July 11 is the new targeted launch date for space shuttle Endeavour on the STS-127 mission to the International Space Station. By then, NASA managers hope to know what caused the leak in the shuttle’s excess hydrogen venting system that twice delayed Endeavour’s launch.

Leroy Cain: "We’ll go work this problem and once we get it fixed and we’re confident that we have a solution that’s going to work and allow us to go fly safely then we’ll proceed forward."

No one will be happier to proceed than first-time flyer Chris Cassidy. The York, Maine native and U.S. Navy seal sees this mission as the next step in NASA’s ultimate return to regions first explored by the Apollo astronauts 40 years ago.

Chris Cassidy: "I think I’m in a fortunate position as a new astronaut to be part of a shuttle crew now and maybe a space station crew in my mid-career and at the tail end of my career, hopefully, an exploration mission to the moon. So it’s a very exciting for me personally."


Launch Announcer: "2-1 main Engine ignition and liftoff of the Atlas V rocket with LRO/LCROSS America’s first step toward a lasting return to the moon."

On their way to the moon now are the Lunar Reconnaissance Orbiter, LRO, and its travel partner, the Lunar Crater Observation and Sensing Satellite, LCROSS. There, in about three to four months, the spent Centaur upper-stage rocket, about the size of a small bus, will crash into a permanently-shadowed polar crater.
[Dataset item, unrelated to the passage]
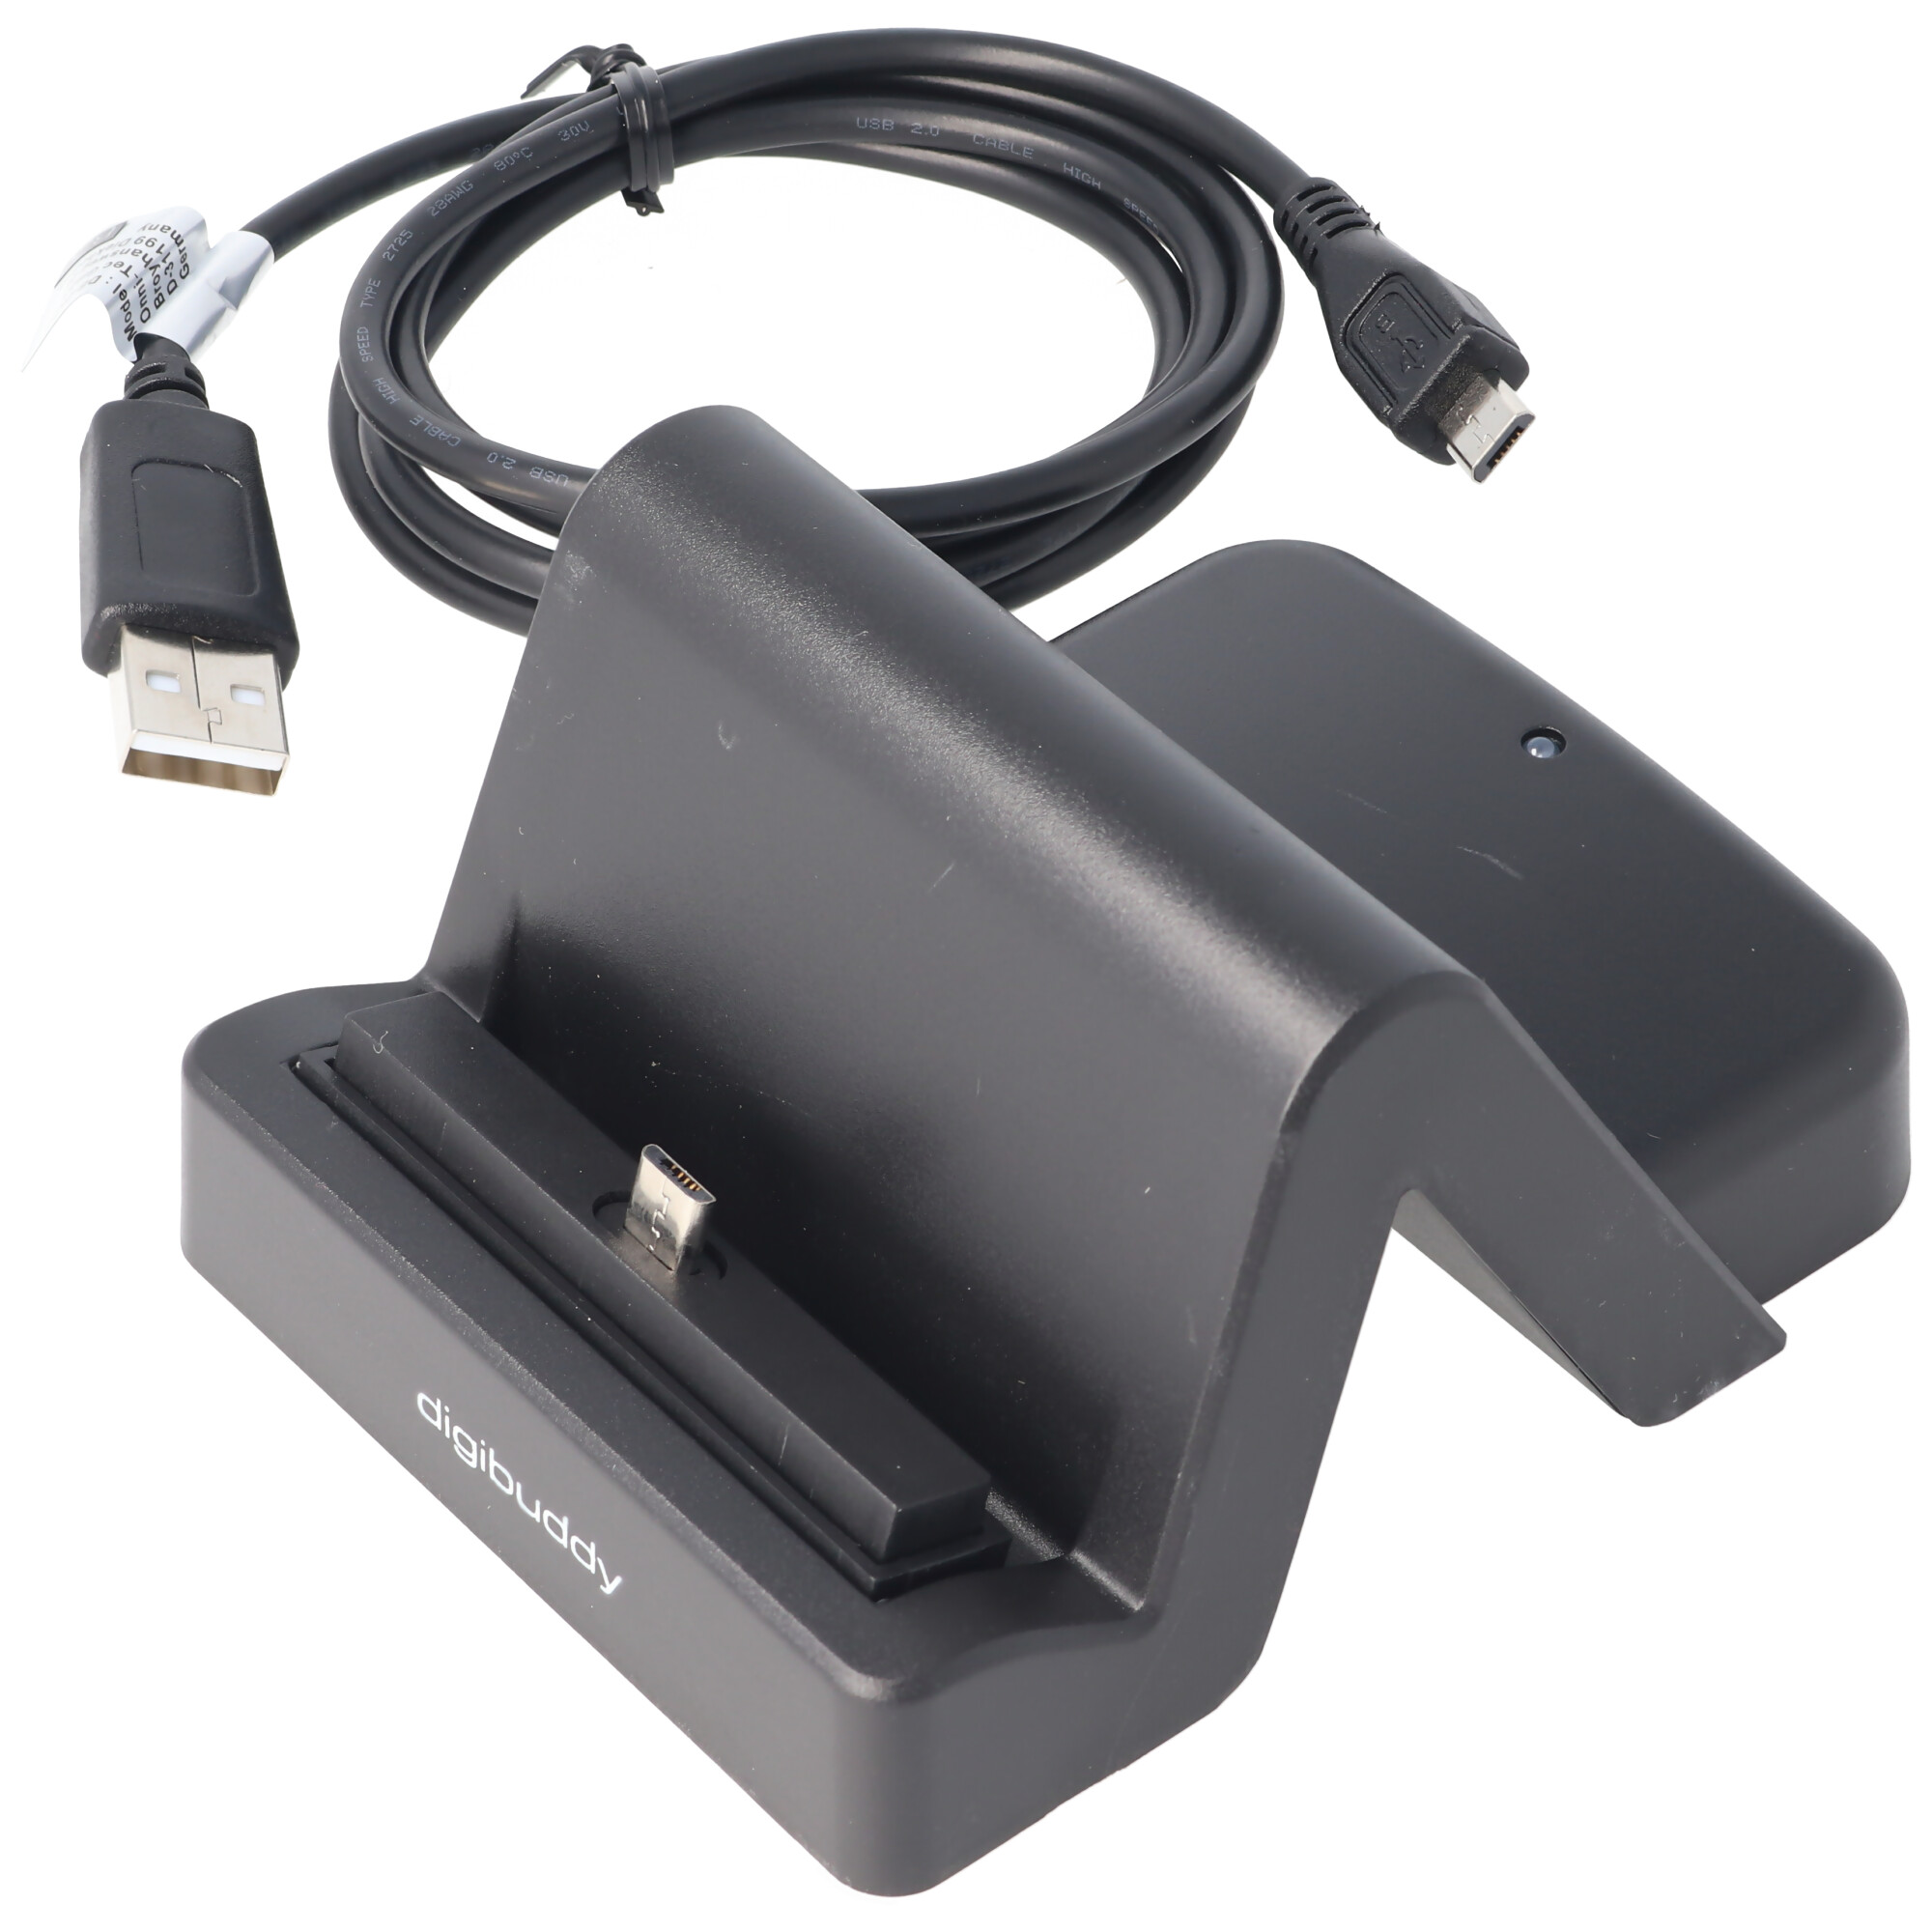 USB Dockingstation mit variablem Micro-USB Anschluss

LCROSS will fly into the resultant plume of dust to measure mineral content and possible evidence of water ice before it, too, collides with the lunar surface.

Dan Andrews: "In the late 90’s, two different missions around the moon actually found that there may be a water ice presence on the moon, It needs to be confirmed, so the L-Cross mission is all about confirming if indeed there is water ice there."

Meanwhile, LRO’s multi-year orbiting mission will give NASA the tools to identify lunar landing sites and potential resources, measure radiation and try out new technologies.


Kevin Krigsvold/Michael Bibbo: "Hey I’m Kevin Krigsvold and I’m Mike Bibbo and we’re the producers of NASA 360."

Producers Michael Bibbo and Kevin Krigsvold savored their Emmy win at the 51st Annual Capital Region Emmy Awards.

Johnny Alonso: "So here it is the Wrightspeed X1."

The show, NASA Television’s “NASA 360,” is a half-hour series that looks at how technologies developed by NASA impact the lives of everyday people. It’s also available on the web, at Bibbo and Krisgsvold, who write, edit and produce the show for the National Institute of Aerospace in partnership with NASA’s Langley Research Center, took home the Emmy for Editing in a Non-News televised program.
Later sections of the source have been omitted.